Start of Provided data

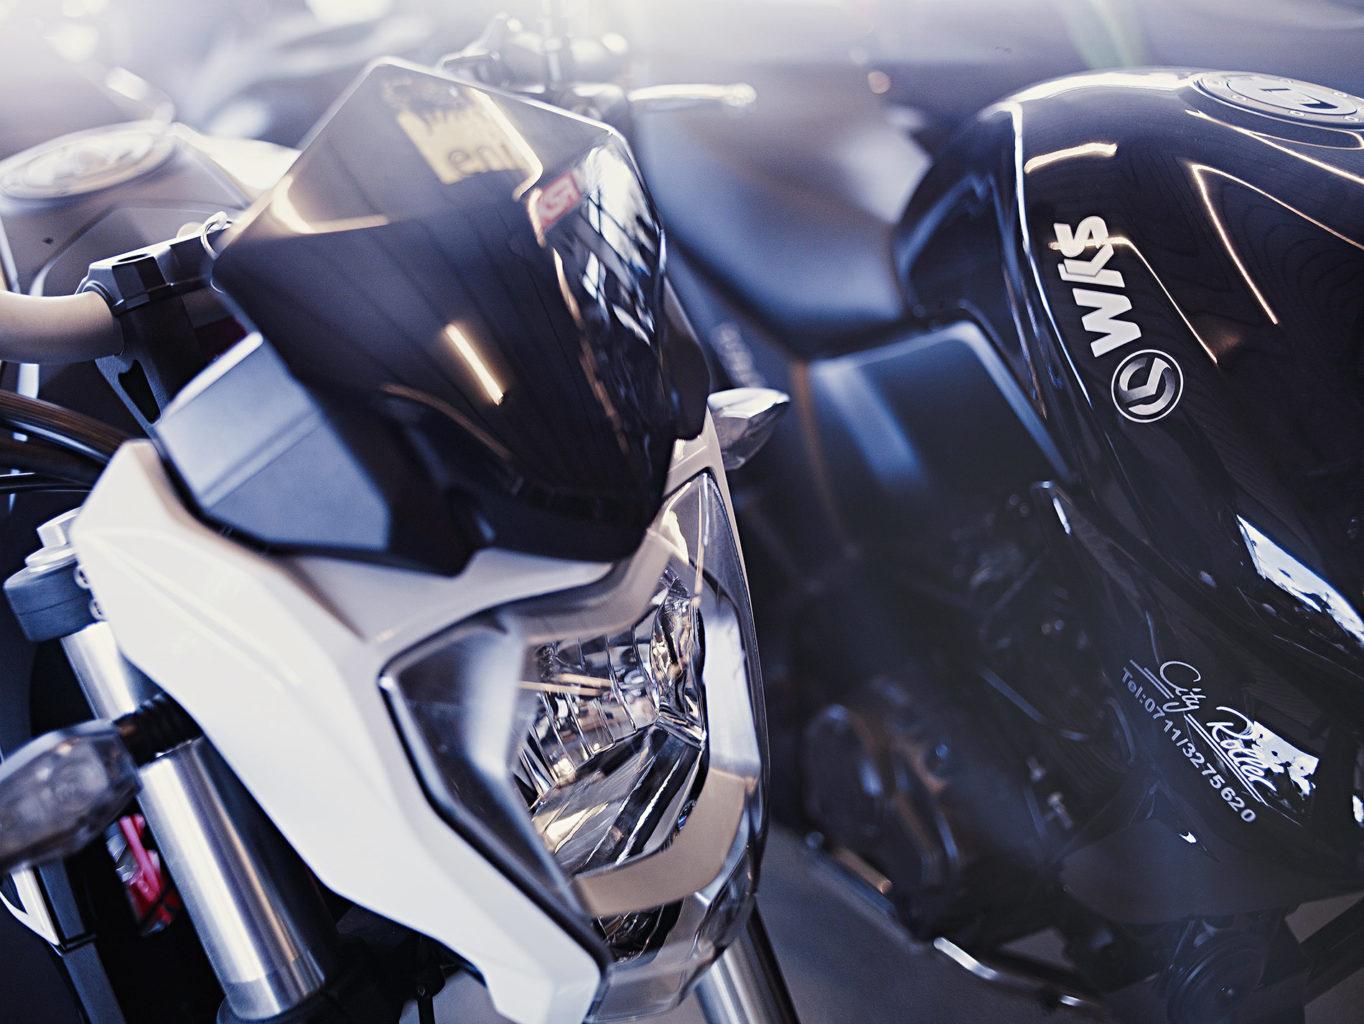 KSR_Moto_00143
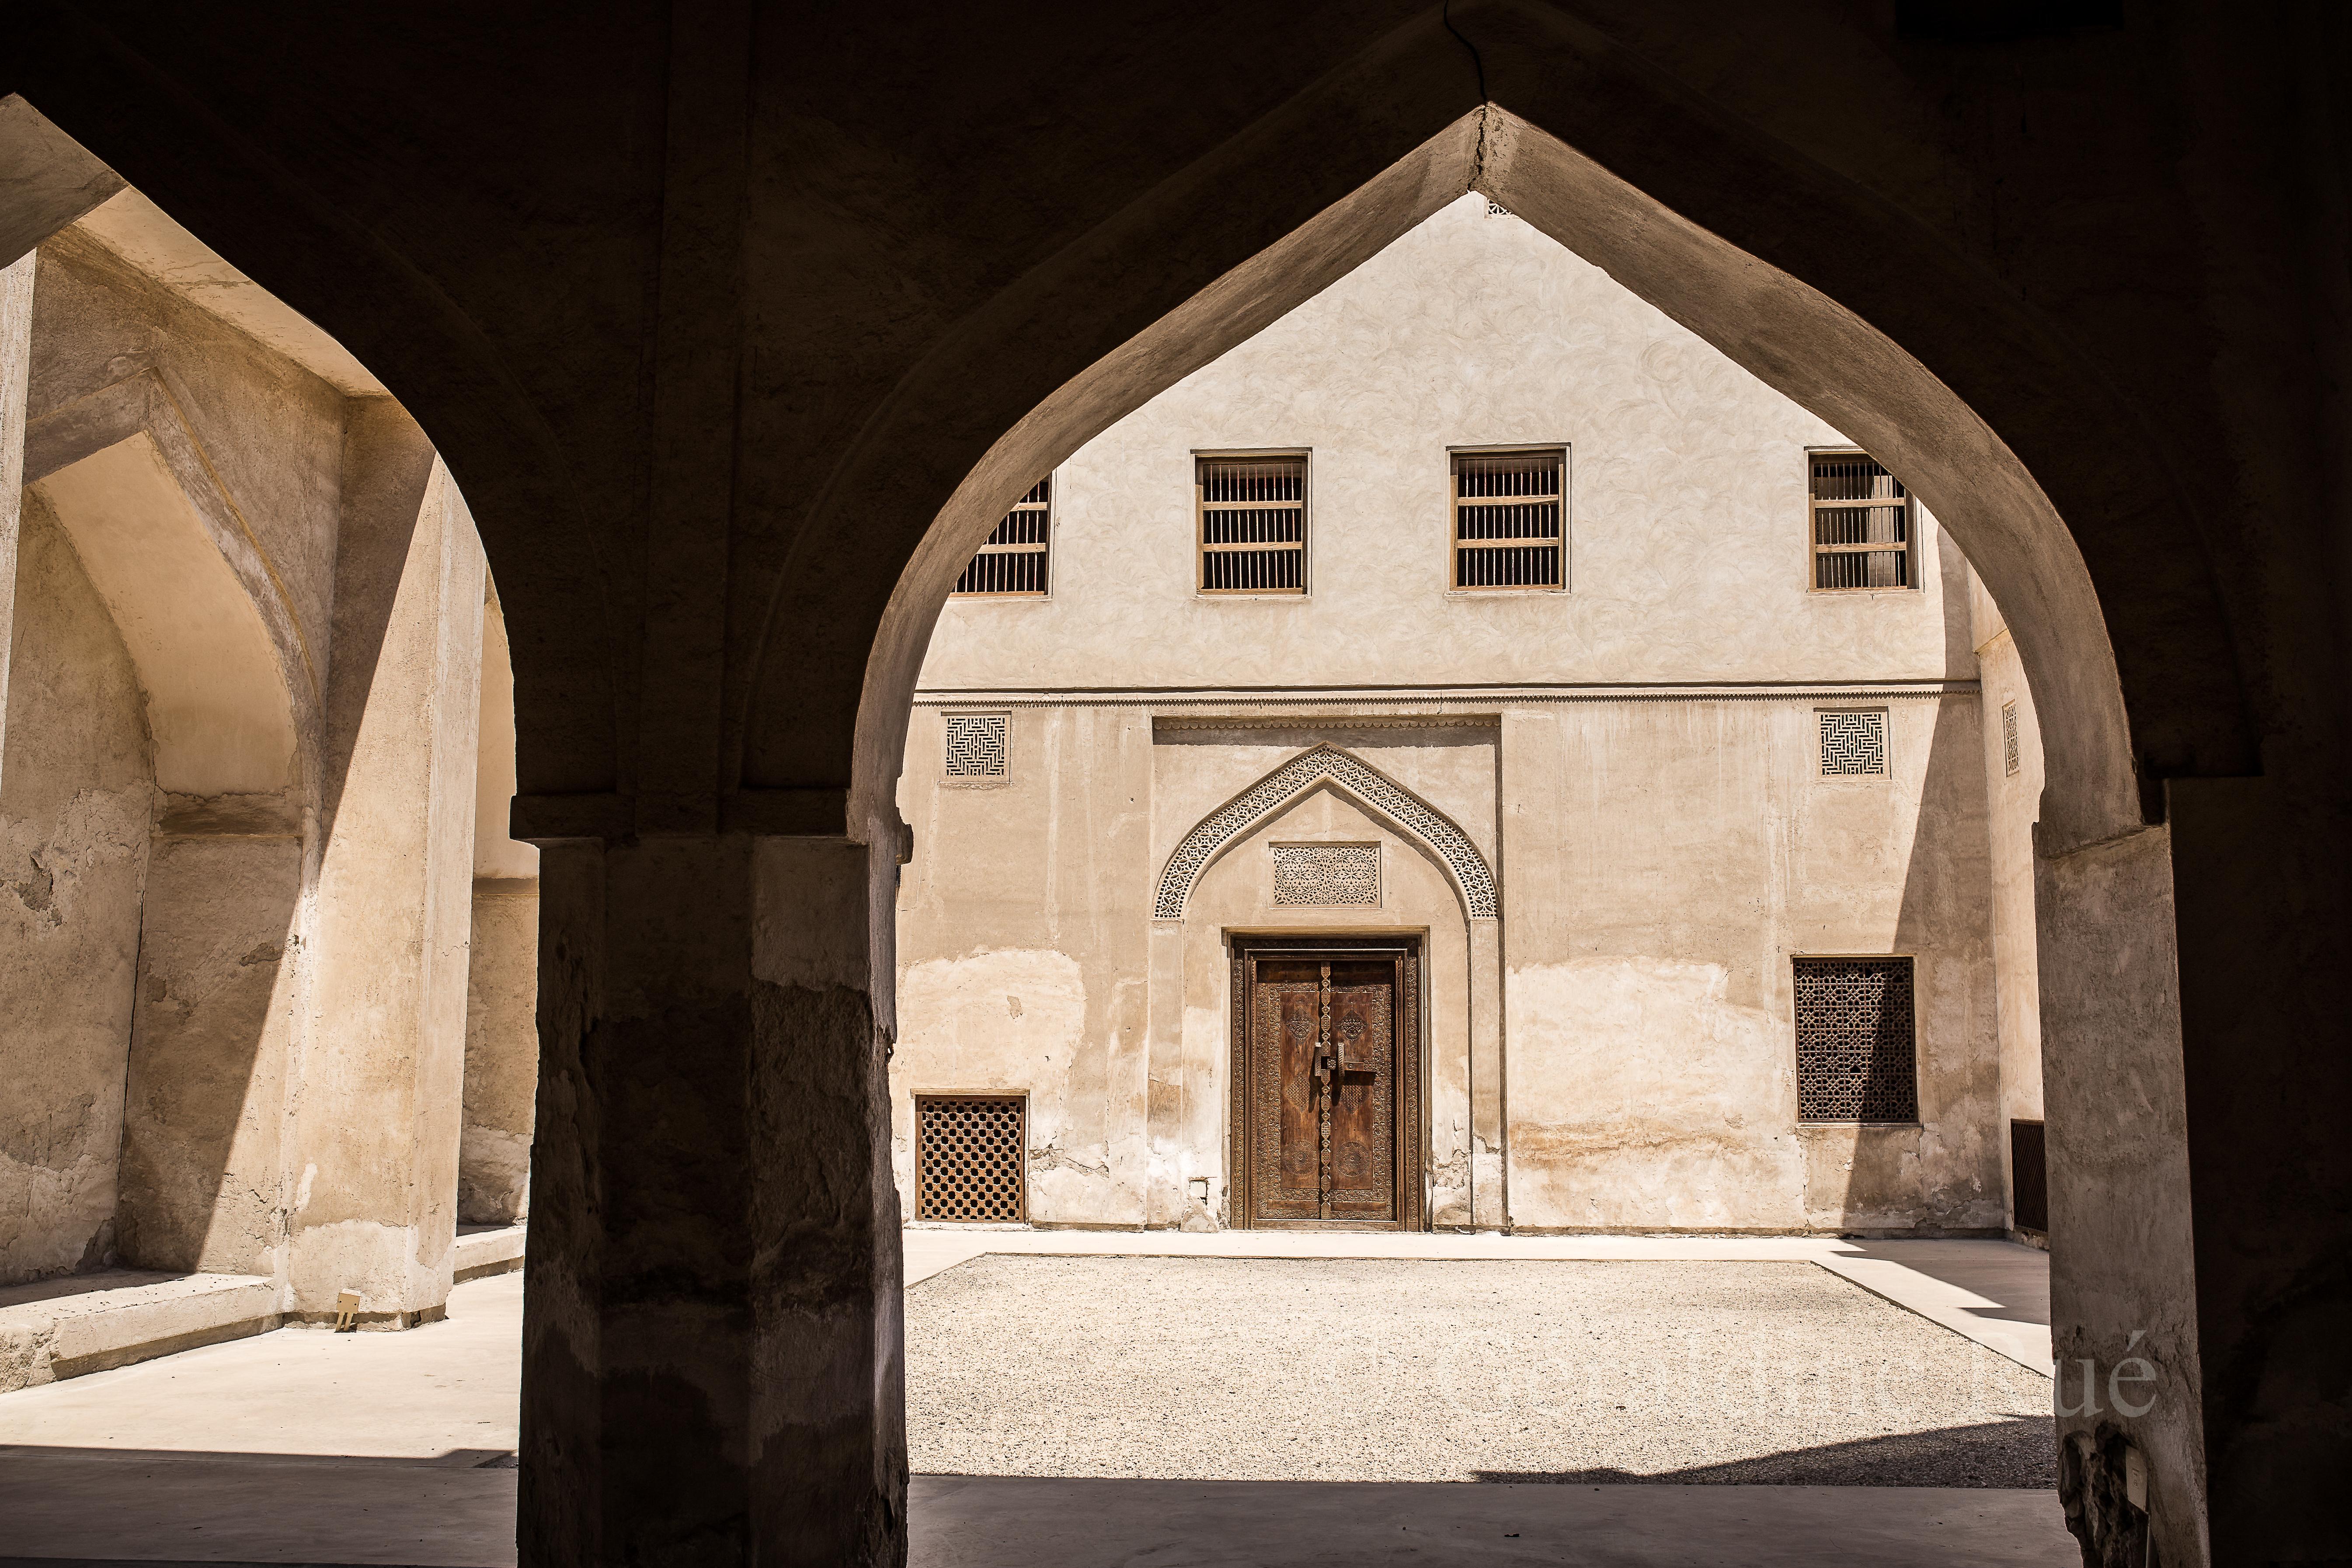 Bahrein7809© Géraldine Rué
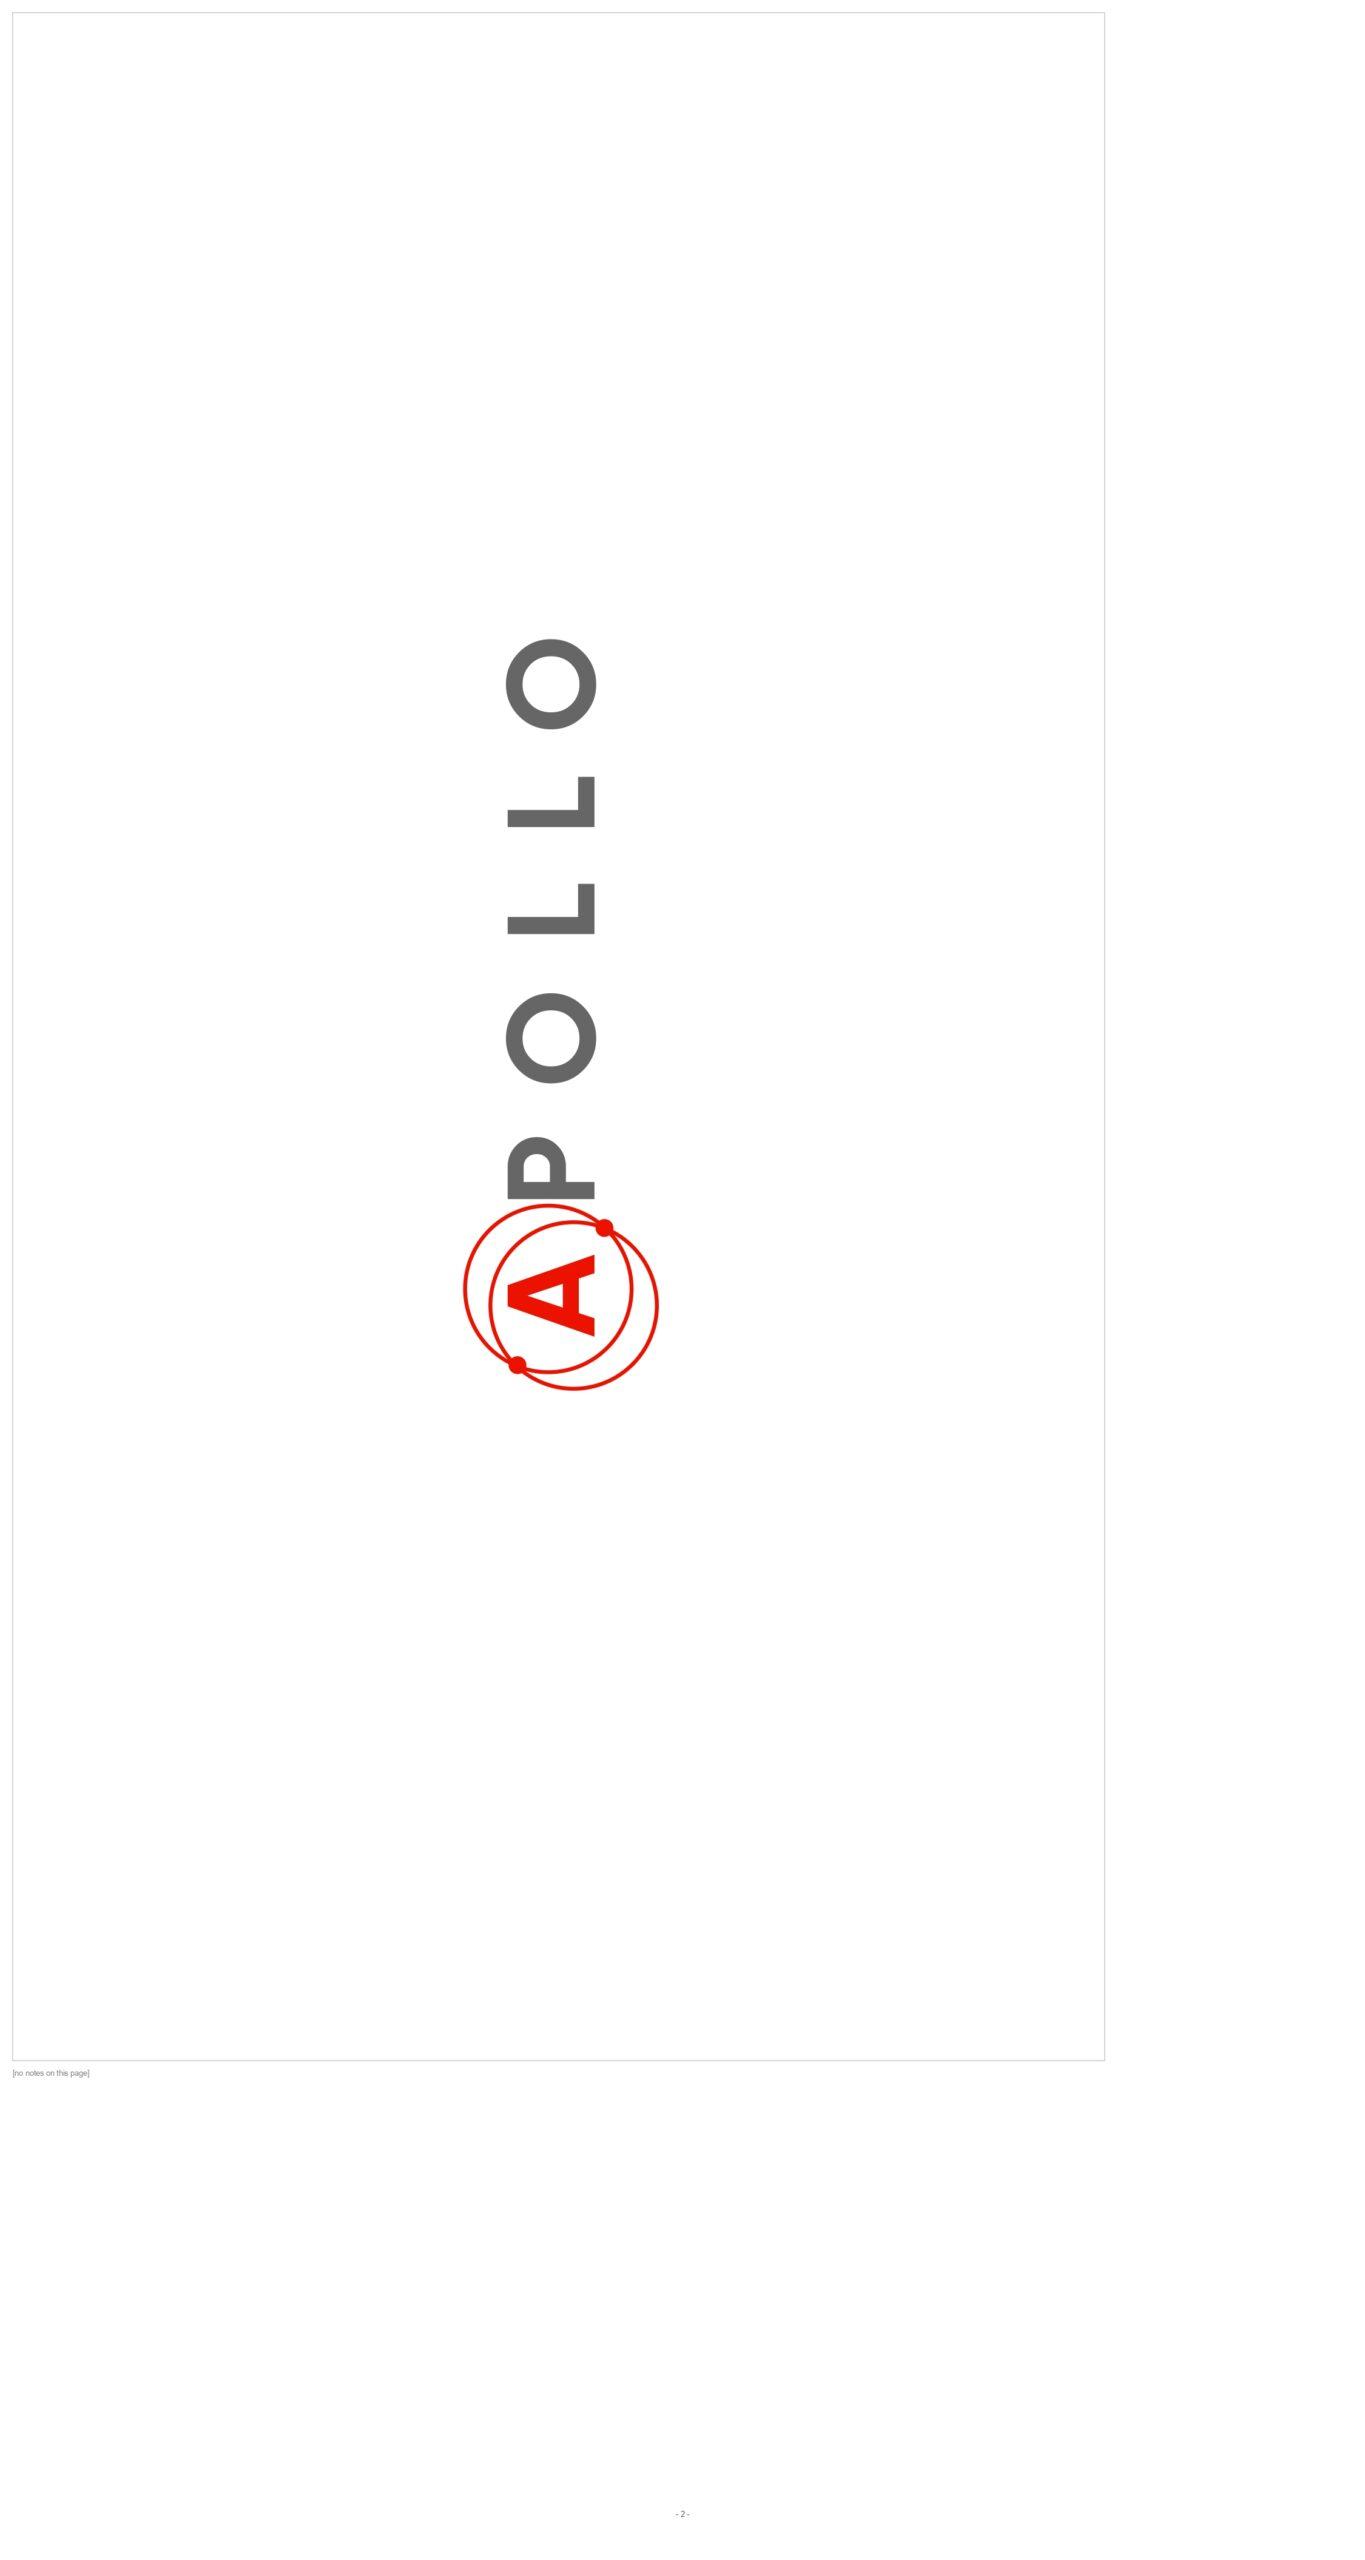 APOLLO remout visits нова правка(1)_page-0002

End of Provided data

**Work task**
Only the pictures may be dropped when you copy the data above; everything else stays exact.

**Written response**
 KSR_Moto_00143
 Bahrein7809© Géraldine Rué
 APOLLO remout visits нова правка(1)_page-0002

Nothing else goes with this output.